Daily Archives: 20 Aug 2017
Thanks to the Eerdmans folk on Facebook for mentioning this essay (which I nonetheless had no knowledge of) – Some Theologians Never Die—They Just Wait to be Googled.
Berger actually does a fair job. Or, as I remark there, it’s nice to see that Bultmann isn’t misrepresented. And it’s nice to know that he is relevant; not again, but still. And it’s also very remarkable that it’s the Pentecostals who seem to be rediscovering him for exactly the reason which Berger highlights-
Stripped of his mistaken empirical view of modern man and of his implausible fascination with Heidegger’s obscure existentialism, Bultmann can be seen again as posing a suddenly urgent question: Is the mythological worldview of the New Testament a necessary ingredient of the Christian faith? The question becomes even more interesting as Jews and Muslims, in their own way, must raise similar questions as well. Put differently: What are the prospects of supernaturalism in the modern world? My own hunch is that the prospects are pretty good.
Read the whole essay, it really is done quite well.

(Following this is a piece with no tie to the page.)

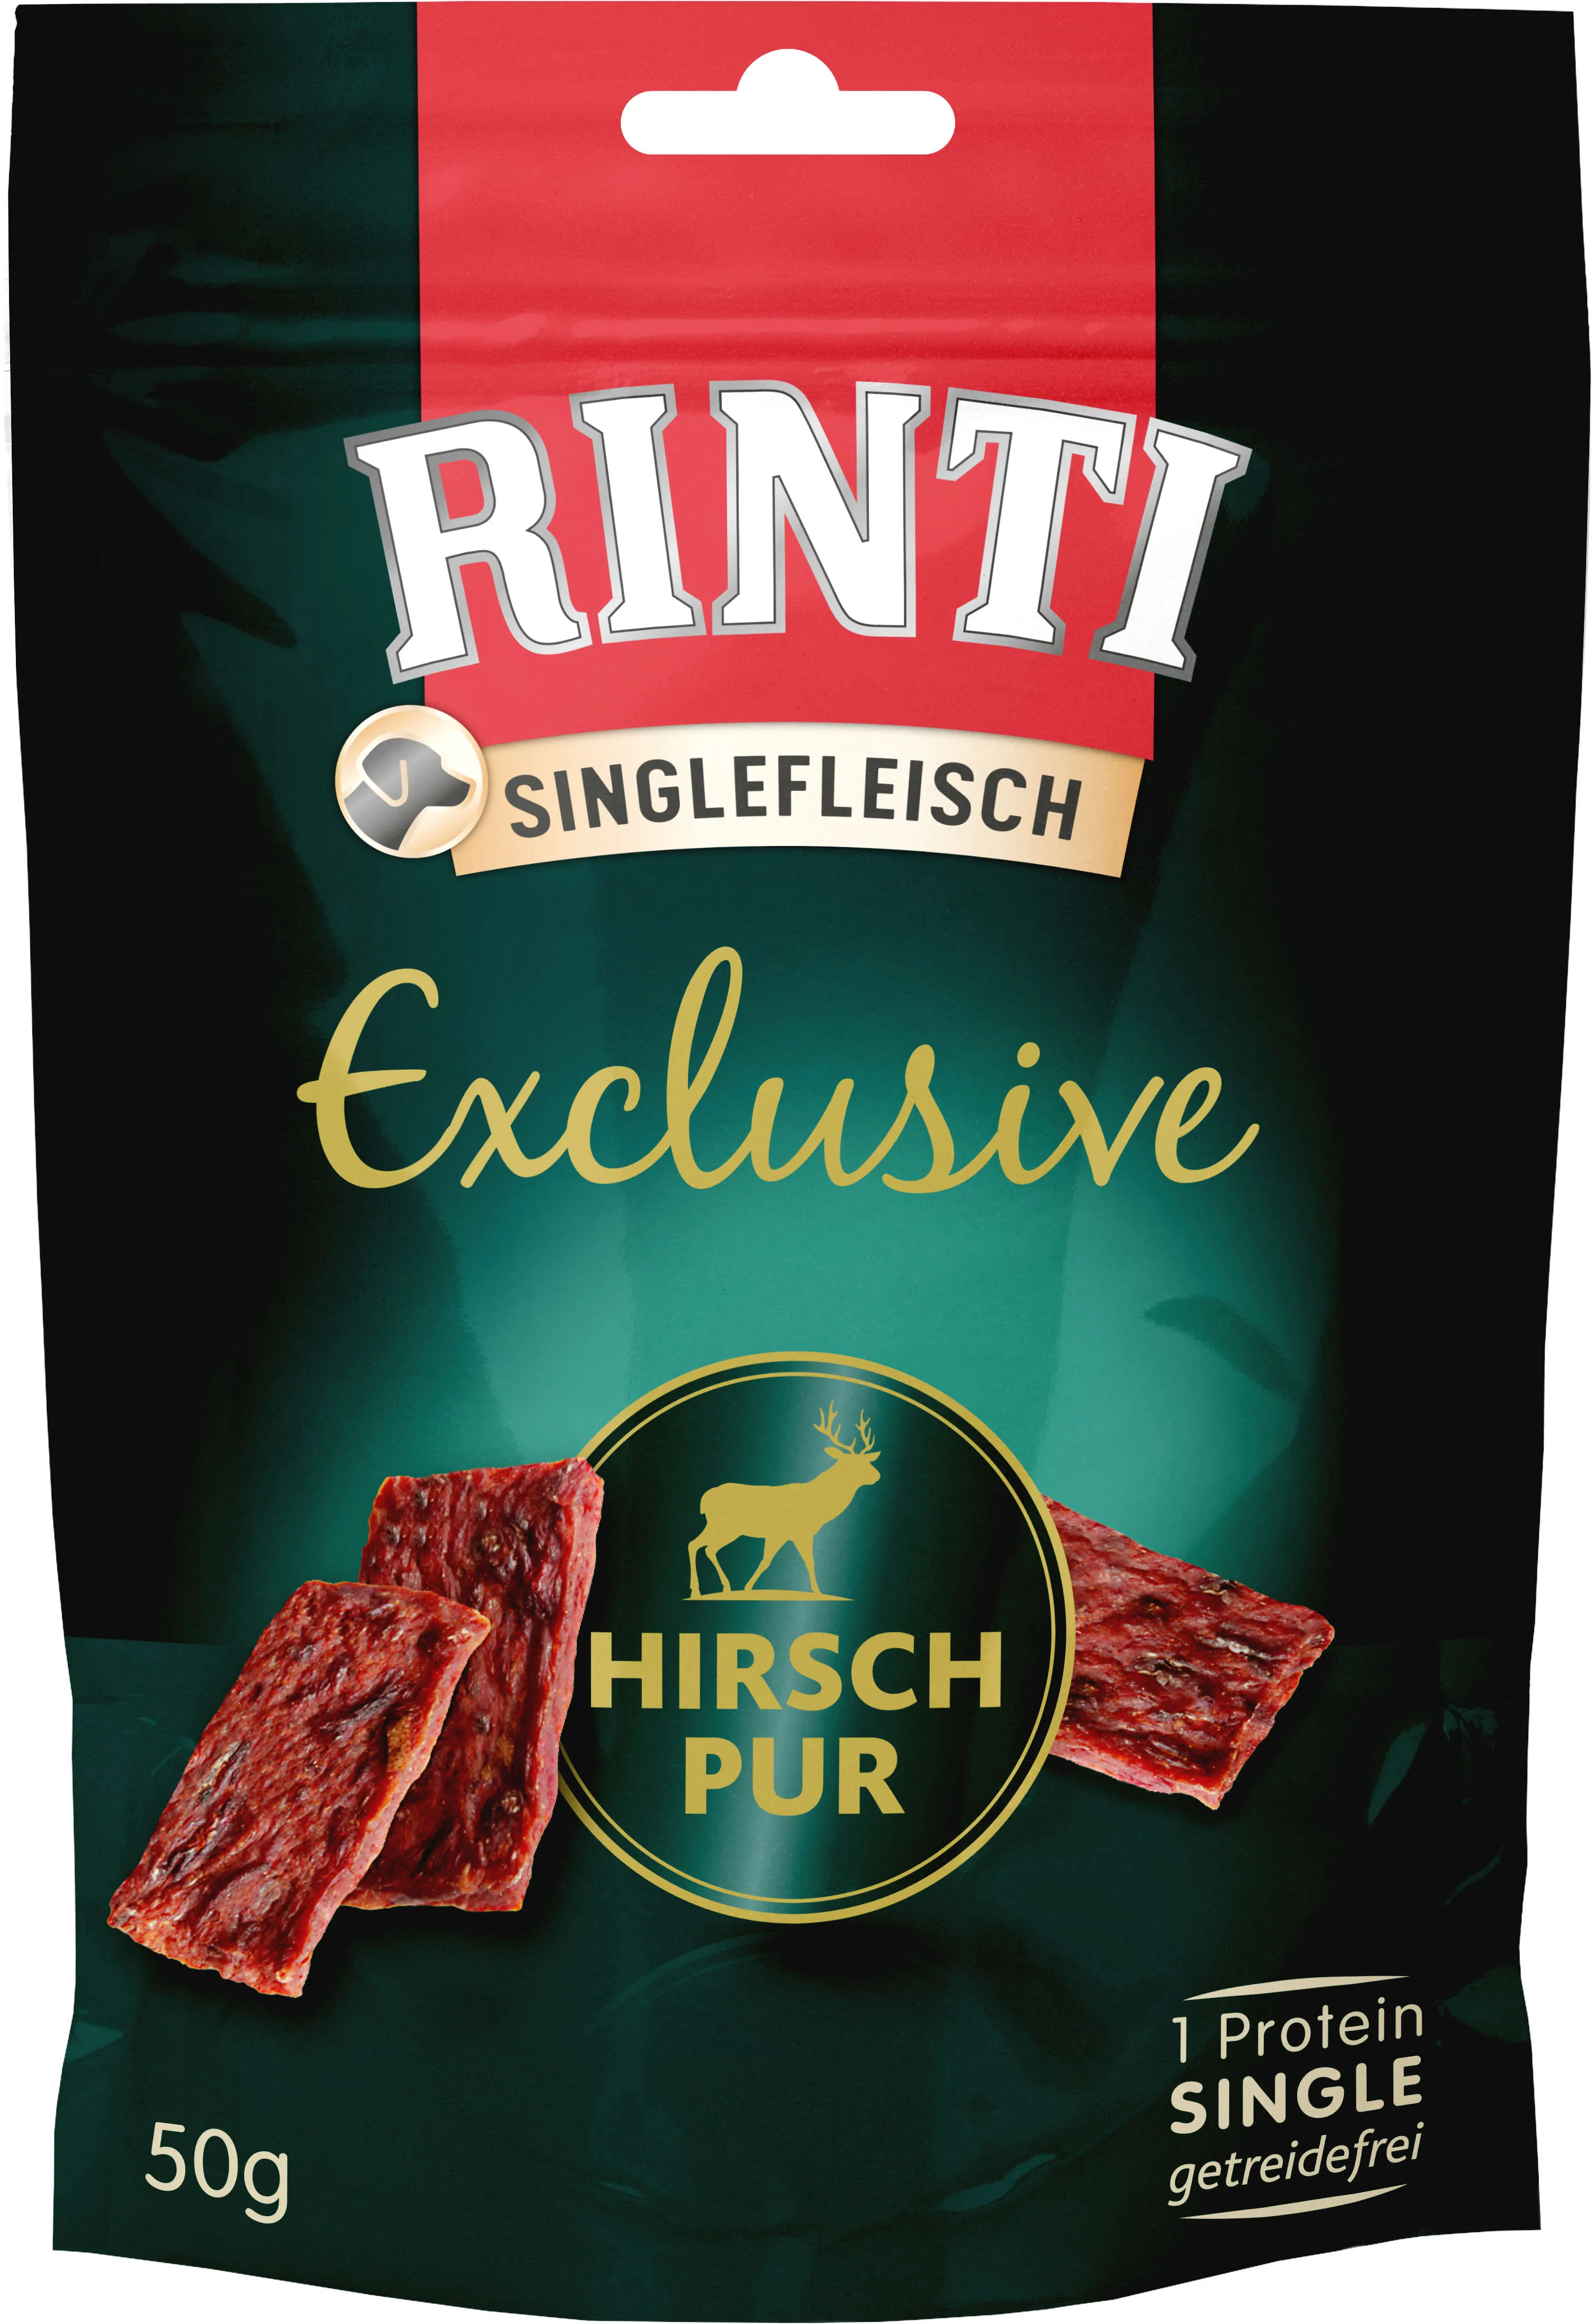 RINTI Hundeleckerlis Singlefleisch Exclusive Hirsch Pur

Calvin has something to say-
“With respect to the tabret, harp, and psaltery, we have formerly observed, and shall find it necessary afterwards to repeat the same remark, that the Levites, under the law, were justified in making use of instrumental music in the worship of God; it having been His will to train His people, while they were as yet tender and like children, by such rudiments, until the coming of Christ.
But now, when the clear light of the Gospel has dissipated the shadows of the law, and taught us that God is to be served in a simpler form, it would be to act a foolish and mistaken part to imitate that which the Prophet enjoined only upon those of his own time.
From this it is apparent that the Papists have shewn themselves to be very apes in transferring it to themselves.”
“Paul allows us to bless God in the public assembly of the saints only in a known tongue. (1. Cor. 14:16.) The voice of man, although not understood by the generality, assuredly excels all inanimate instruments of music; and yet we see what St. Paul determines concerning speaking in an unknown tongue.”
Decades ago Morris Ashcraft wrote the definitive exposition of the theology of Rudolf Bultmann. It also went out of print decades ago and became a classic in the meanwhile.
Hendrickson has, thankfully, republished this masterpiece in paperback and made it once more easily available.
How can modern scientific humanity understand the strange religious language of the Bible? This is one of the questions Rudolf Bultmann (1884–1976) spent his life answering. As a devout Lutheran committed to the Christian faith, Bultmann’s concern was how to make Christianity intelligible in the twentieth century. His concept of demythologizing was part of his lifelong attempt to help people “hear” the Christian gospel and respond to it authentically. All of this originated out of a genuine pastoral concern to highlight the nature of New Testament faith. As Morris Ashcraft writes, “He stands alongside Karl Barth as a man who changed the direction of theology significantly and perhaps permanently.”
In this book, along with a brief biographical sketch, Morris Ashcraft provides a concise and reliable guide to Bultmann’s system of thought and his continuing influence.
Dean Ashcraft was at Southeastern Seminary while I was there doing an MDiv and a ThM and a finer scholar and Christian you’ve never met. His book on Bultmann remains the finest of the genre. Students of the New Testament should all be required to read it.